20. The method of claim 18, wherein CS-1 corresponds to the set of NCI-60 cancer cell lines or a similar set of cancer cell line panels.

21. The method of claim 18, wherein CS-1 corresponds to a set of patients and the data for (a) and (b) are collected from the response data and patient microarray data of the patients.

22. The method of claim 21, wherein the patient response data and microarray data are from patients who have received therapy for a cancer or other disease.

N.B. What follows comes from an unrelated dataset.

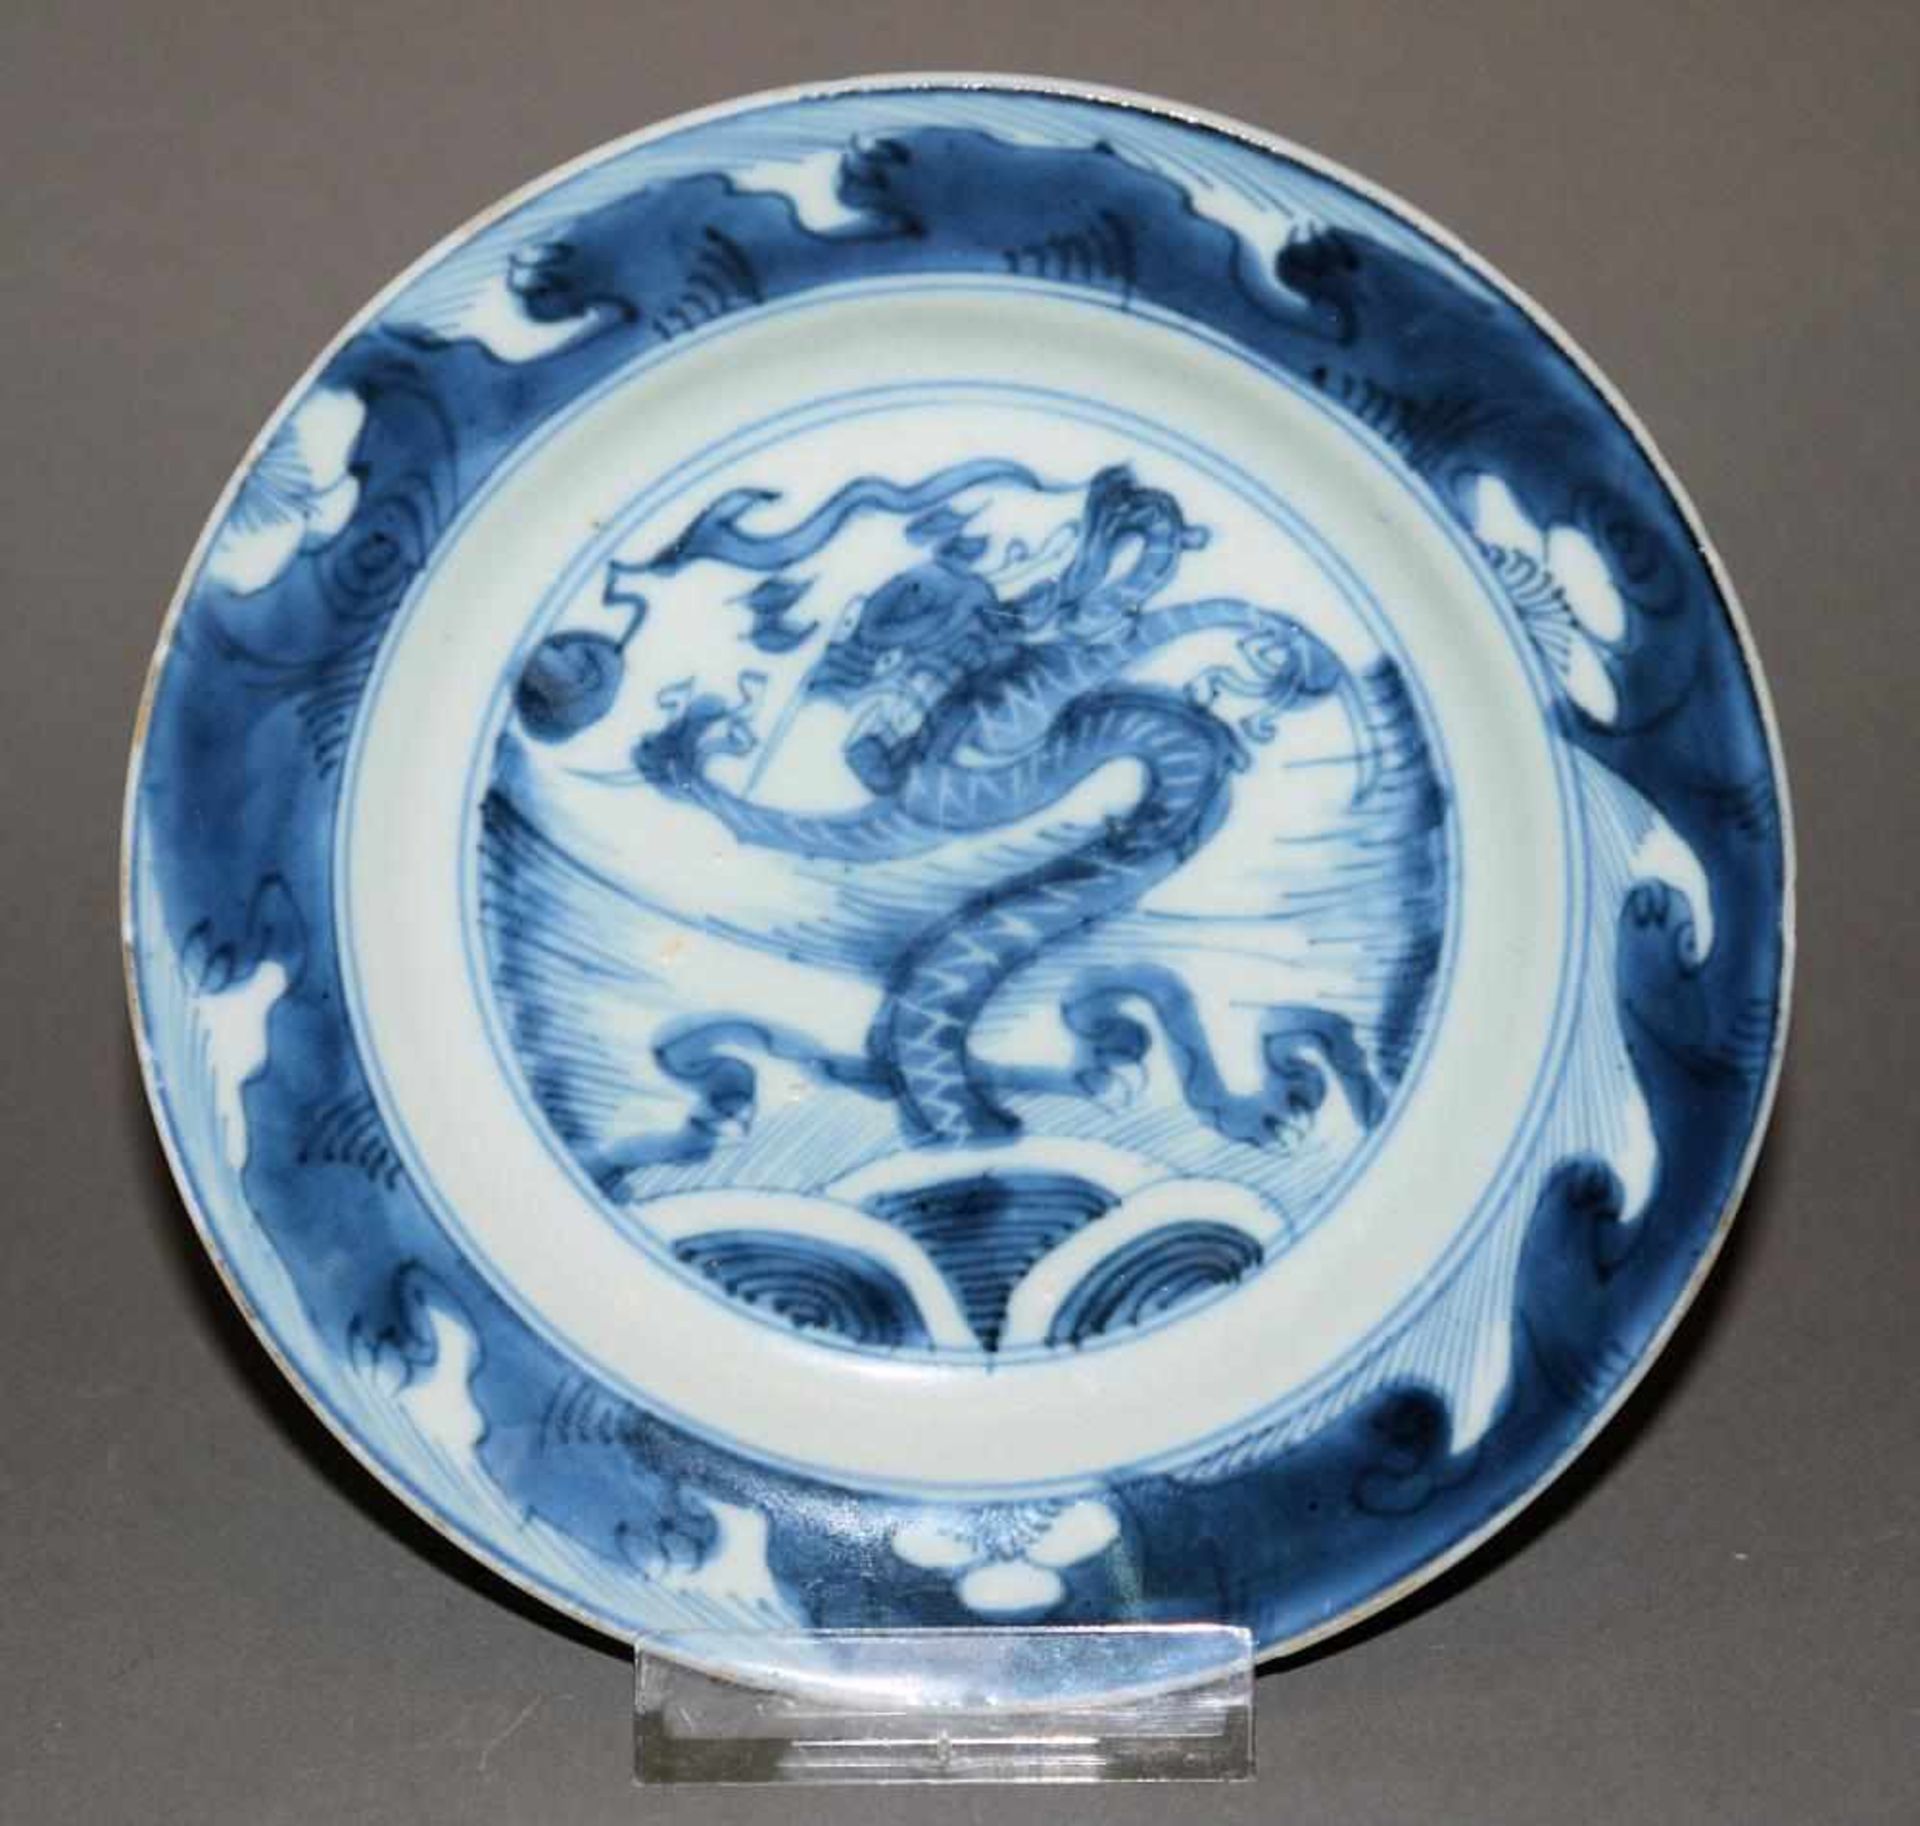 Blauweiß-Drachenteller der Kangxi- Zeit, China um 1700 Export-Porzellanteller mit einem wütenden,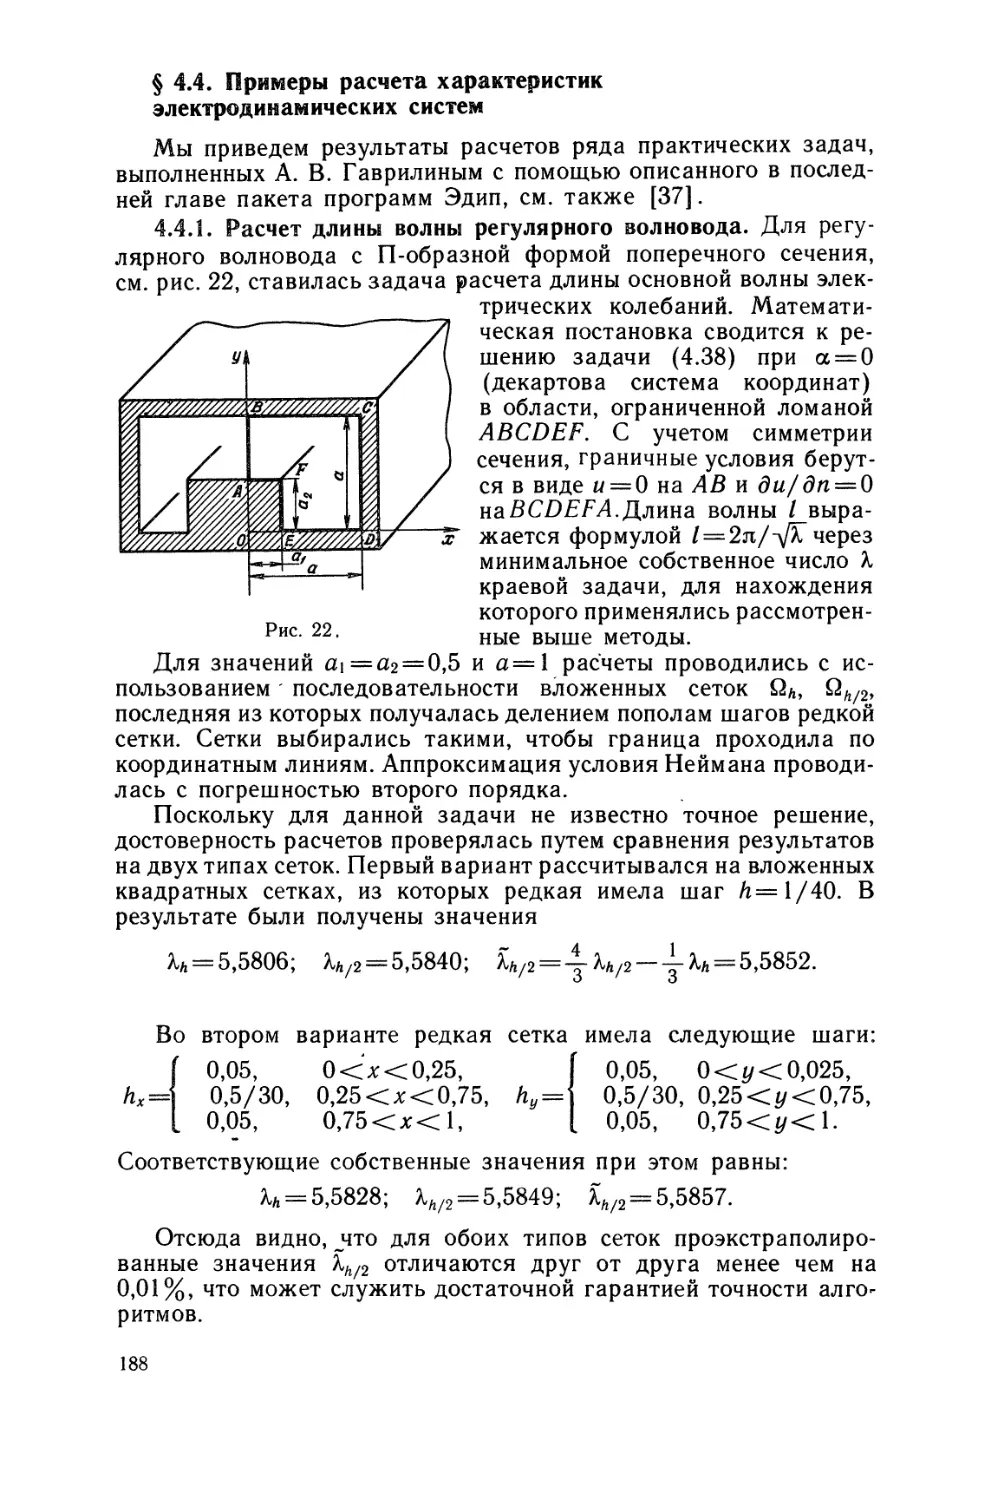 § 4.4. Примеры расчета характеристик электродинамических систем.

23. The method of claim 18, further comprising:

(i) repeating steps (a)-(h) for a group of APIs resulting in a data set of each API's activity against TS-1 as well as a sensitivity and resistance characteristics against CS-1;

(j) selecting first set of combinations of at least 2 APIs by comparing their predicted activities against TS-1 with their known molecular mechanisms and toxicities to arrive at highly active combinations whose expected toxicity levels are tolerable to the patient;

(k) selecting a second set of combinations, wherein the second set if a subset of the first set of combinations, the second set being selected by choosing those combinations whose individual API sensitivity and resistance characteristics are the least correlated;

(l) predicting the combined activities of the second set of combinations of APIs in two ways, (I) assuming those APIs' activities are independent or (II) assuming their activities are correlatively additive on the basis of the sensitive and resistance characteristics on CS-1.

24. A method of treating cancer, comprising: administering a therapeutically effective amount of a compound of Table 3, 4, 5, 6, or 7 or a pharmaceutically acceptable salt thereof, wherein the cancer is selected from breast, bladder, prostate, melanoma, and pancreatic.